Poem: The Happy Marriage by PG Wodehouse

My trip overseas has lengthened by a couple of weeks, and so I thought I would post another poem for your enjoyment. This one is by PG Wodehouse, and it was recommended to me by a couple of well-known ladies who you might not expect to have a taste for this kind of thing, which just goes to show that people are usually much jollier in person than you might expect!

I love the mixture of truth and outrageous whimsy in this little gem. Enjoy... 

THE HAPPY MARRIAGE
by PG Wodehouse


(A sensation has been caused in Portland, Oregon, by the arrest of two ladies and their husbands for highway robbery. Evidence was brought to show that the ladies used to stand beside their husbands while the robberies were being committed, and help to rifle the victims.)

When Emerson K. Washington met Sadie Q. Van Pott,
Her numerous attractions bowled him over on the spot:
At first distinctly timid, gaining courage by degrees,
He rushed into her presence, and addressed her, on his knees:


“Oh, Sadie Q., I worship you, and not as other men;
My love had proved a worthy theme for Poet Shakespeare's pen;
My groans and sighs excite surprise, whene’er I pace the street;
I really cannot sleep at all. And, worse, I cannot eat.

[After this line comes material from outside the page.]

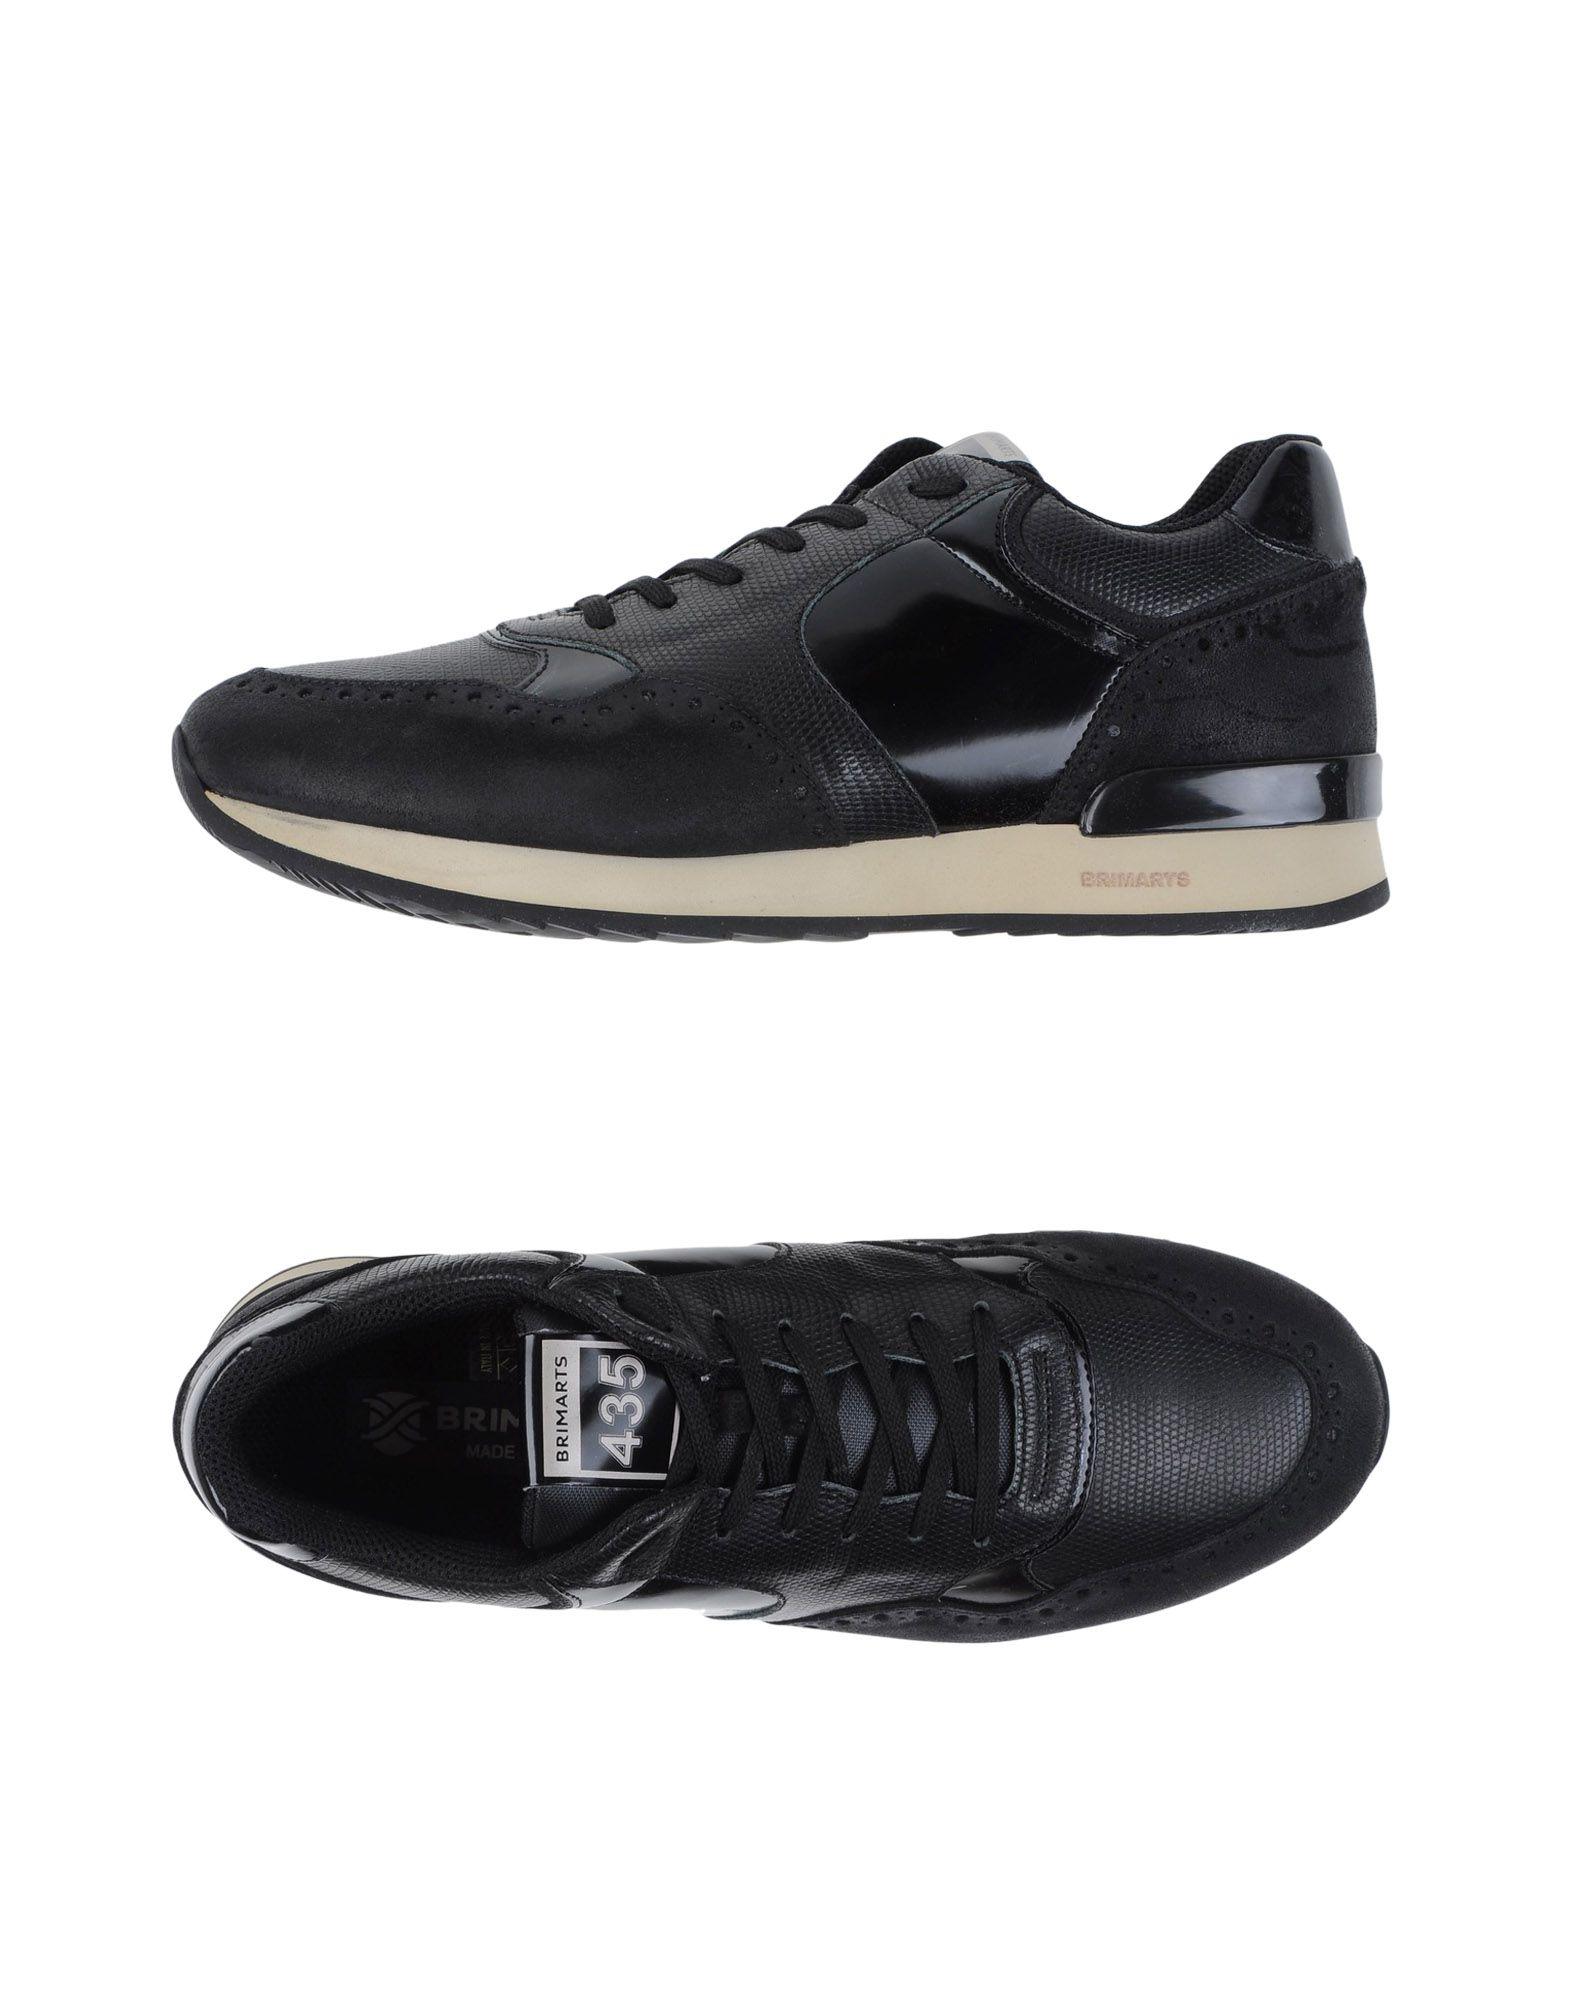 Moda Sneakers Brimarts Uomo - - Uomo 11024419FN 329084

“For ham and eggs (Virginia style) I’ve ceased to care a jot;
No strawberry shortcake tempts me now, nor Boston beans, served hot.
The oyster-stew I wave aside: I cannot touch a clam:
From these remarks you’ll judge in what a wretched state I am.

“So do decide to be my bride; oh, heed a lover’s prayers;
Admit some sunshine to a lot, which now is dark with cares.
But lest without reflection you are tempted to decline,
I’ll picture what will happen should we form the said combine.

“Most husbands treat their wives as dolls, and, sorrowful to state,
Refuse to let them take a hand in things of any weight:
Myself I mean to act upon a widely different plan;
For Lovely Woman’s duty lies, I hold, in helping man.

“If you elect to marry me, my angel-bird, you’ll be
As partner in my business quite invaluable to me.
And what that business is, without preamble I will tell:
You see in me a footpad. And I’m doing very well.

“Way out in pleasant Oregon my humble trade I ply;
Few highwaymen have got a larger clientele than I;
Think not that these are idle words. With truth my claims agree;
You may have heard of ‘Sand Bag Bill’? Exactly. I am he.

“So if my proffered heart and hand you’ll but consent to take,
You’ll come with me on every expedition that I make;
Together, hand in hand, my love, at night we’ll roam about,
Entrap the guileless traveller, and – briefly – clean him out.”

His speech was scarcely finished, when quoth Sadie, “Wal, I vum!
What, marry you, my Emerson? I calculate! Why, some!
Stray travellers in Oregon will soon be mighty sick;
Ring up the parson on the ‘phone, and get it over slick.”

The parson put the service through without the least delay;
And Emerson and Sadie Q. were wed that very day;
Their happiness, I’m glad to say, is wholly free from cares;
I never knew so prosperous a married life as theirs.

For every night, when dinner’s o’er, and darkling shadows fall,
They take their knuckle-dusters from the hat-stand in the hall,
And Emerson says, “Sadie, have you cartridges, my pet?
Your iron, is it clean and bright?” And Sadie says, “You bet.”

And then through quiet streets they prowl, through dim-lit squares they roam,
They intercept the passer-by, as he is hurrying home;
And Emerson’s destructive club upsets him with a crash,
While Sadie’s nimble fingers gather in the needful cash.

So on they go from day to day, as happy as can be,
And in this simple tale, I think, a moral we may see:
The married state can never be completely free from strife,
Unless a man’s profession also interests his wife.